# [WHAT YOU HAVE TO DO]
Would you print the lines below exactly, beginning at the line that has "1983 Yamaha TT600K off road test 2.jpg" and stopping after the line that has "Nozes pecan agridoces, 190g - Byblos"? Only those lines, and no pictures.

# [DATA PROVIDED]
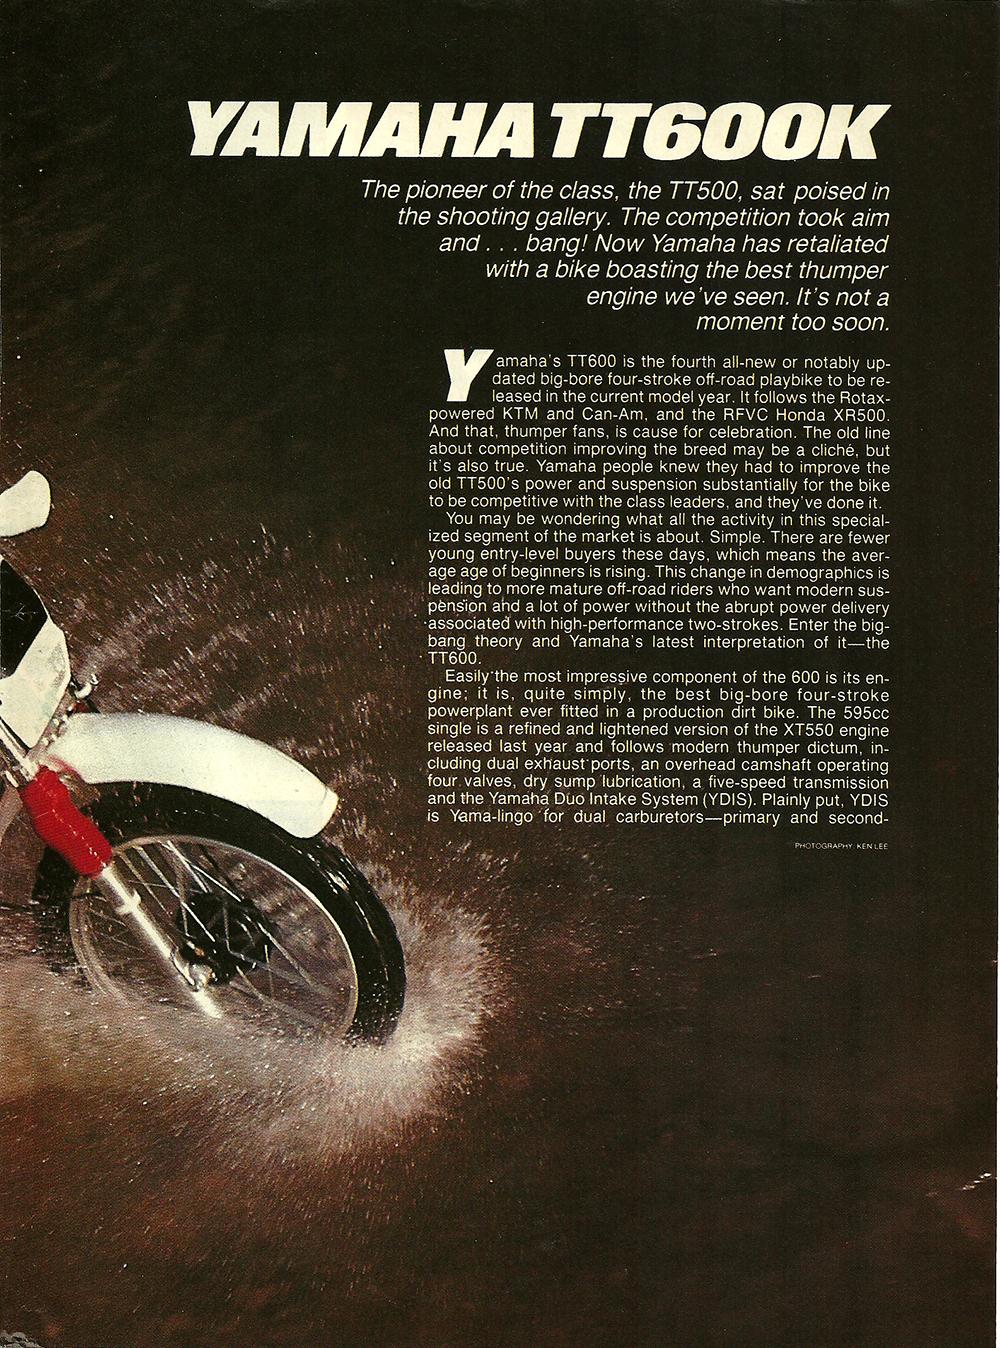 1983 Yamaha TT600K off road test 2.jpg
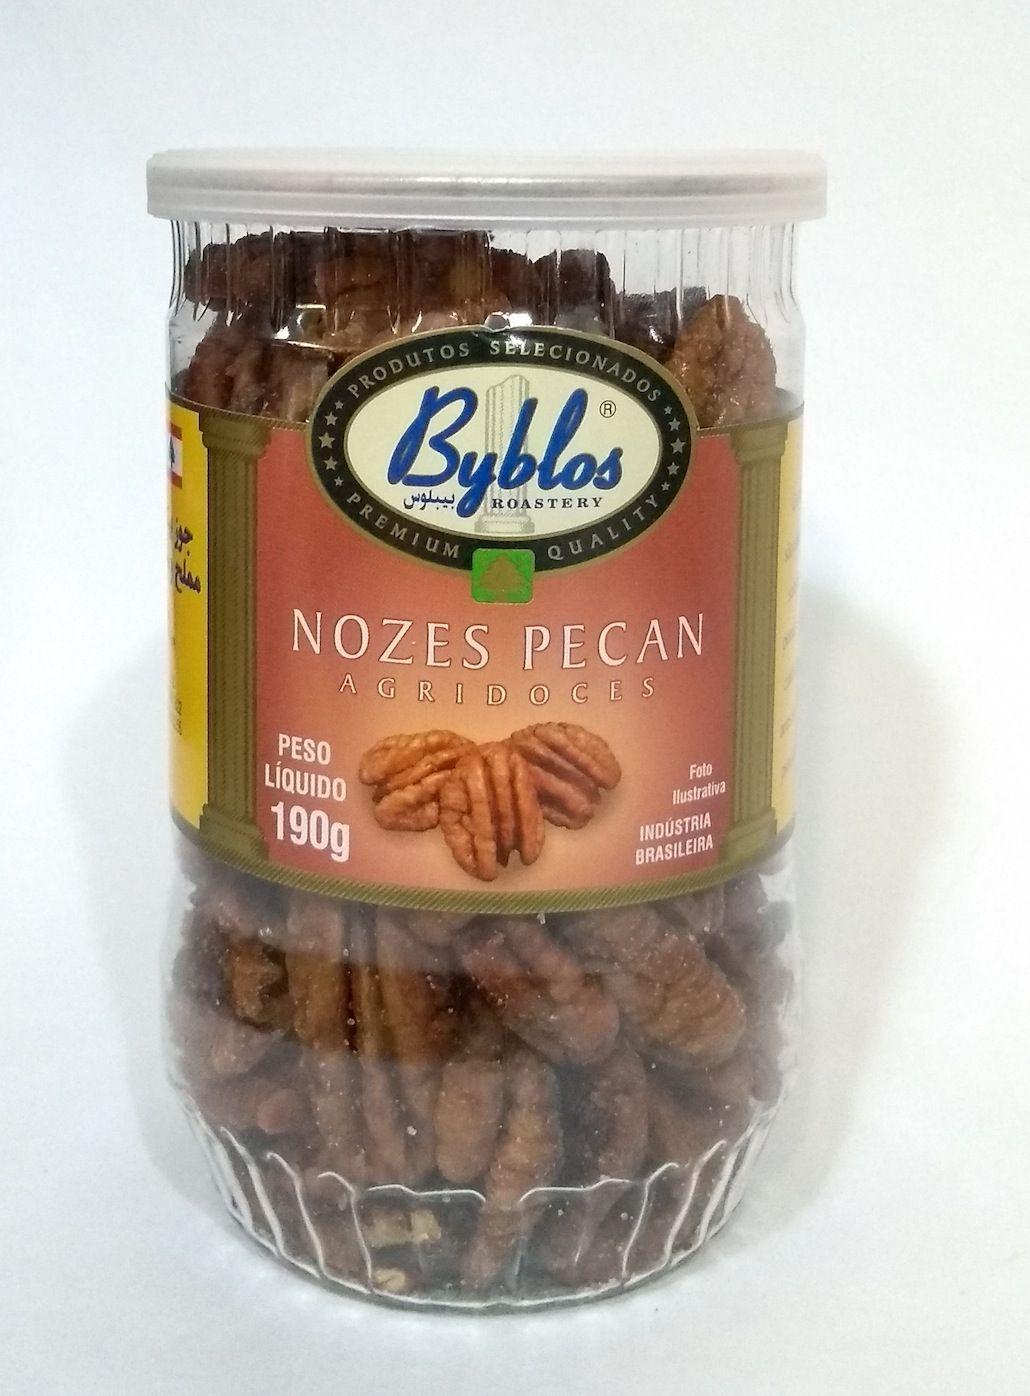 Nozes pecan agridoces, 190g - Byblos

--

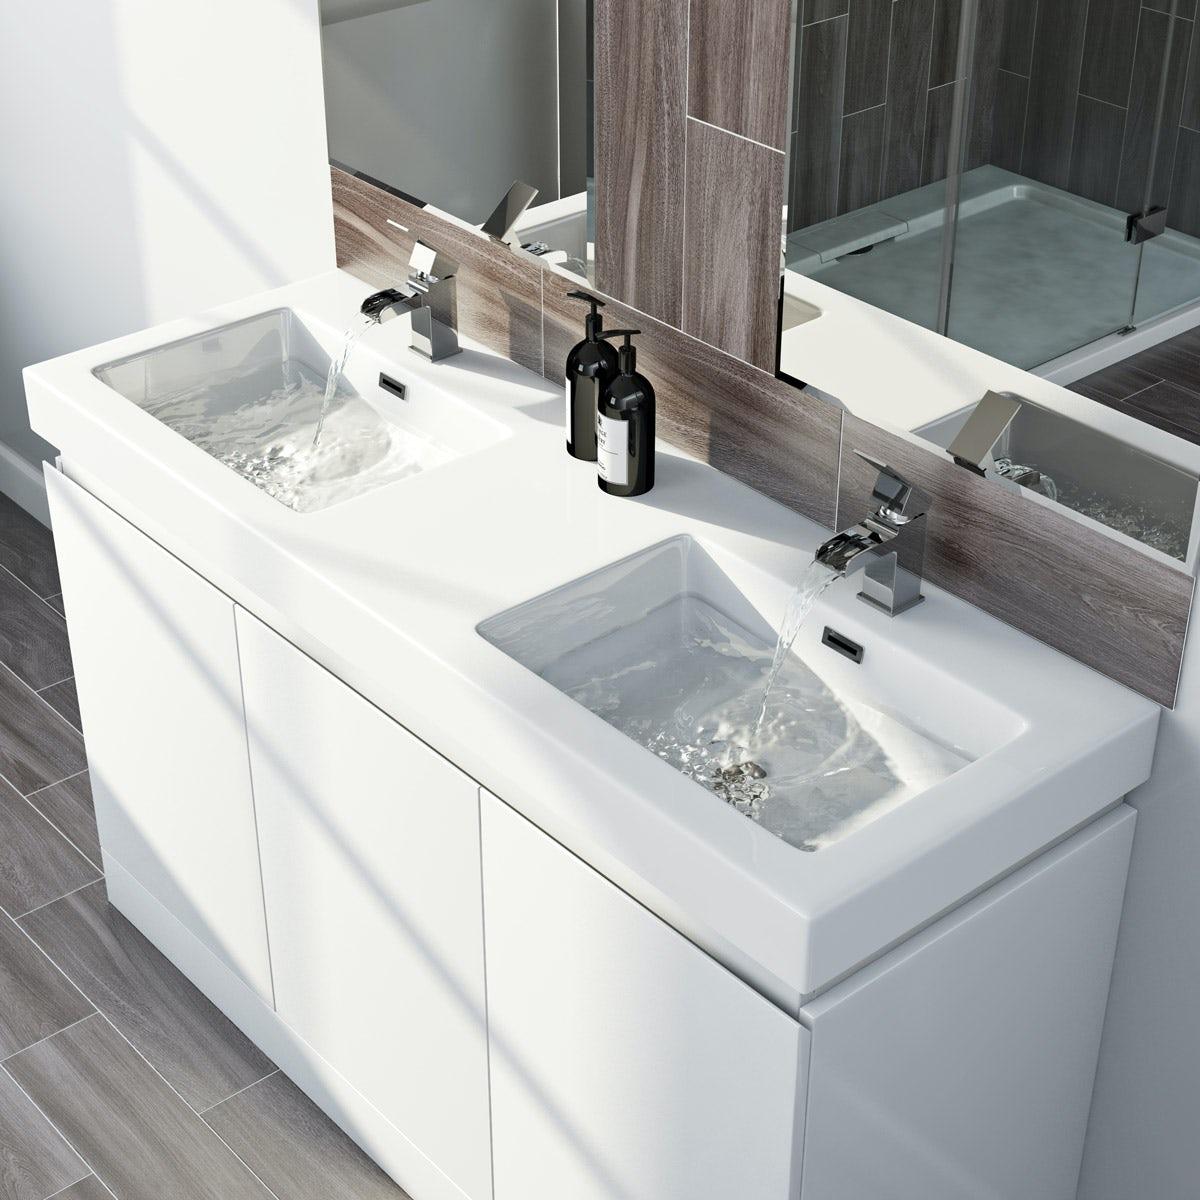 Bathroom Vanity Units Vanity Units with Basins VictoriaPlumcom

# [COMPLETED EXERCISE]
 1983 Yamaha TT600K off road test 2.jpg
 Nozes pecan agridoces, 190g - Byblos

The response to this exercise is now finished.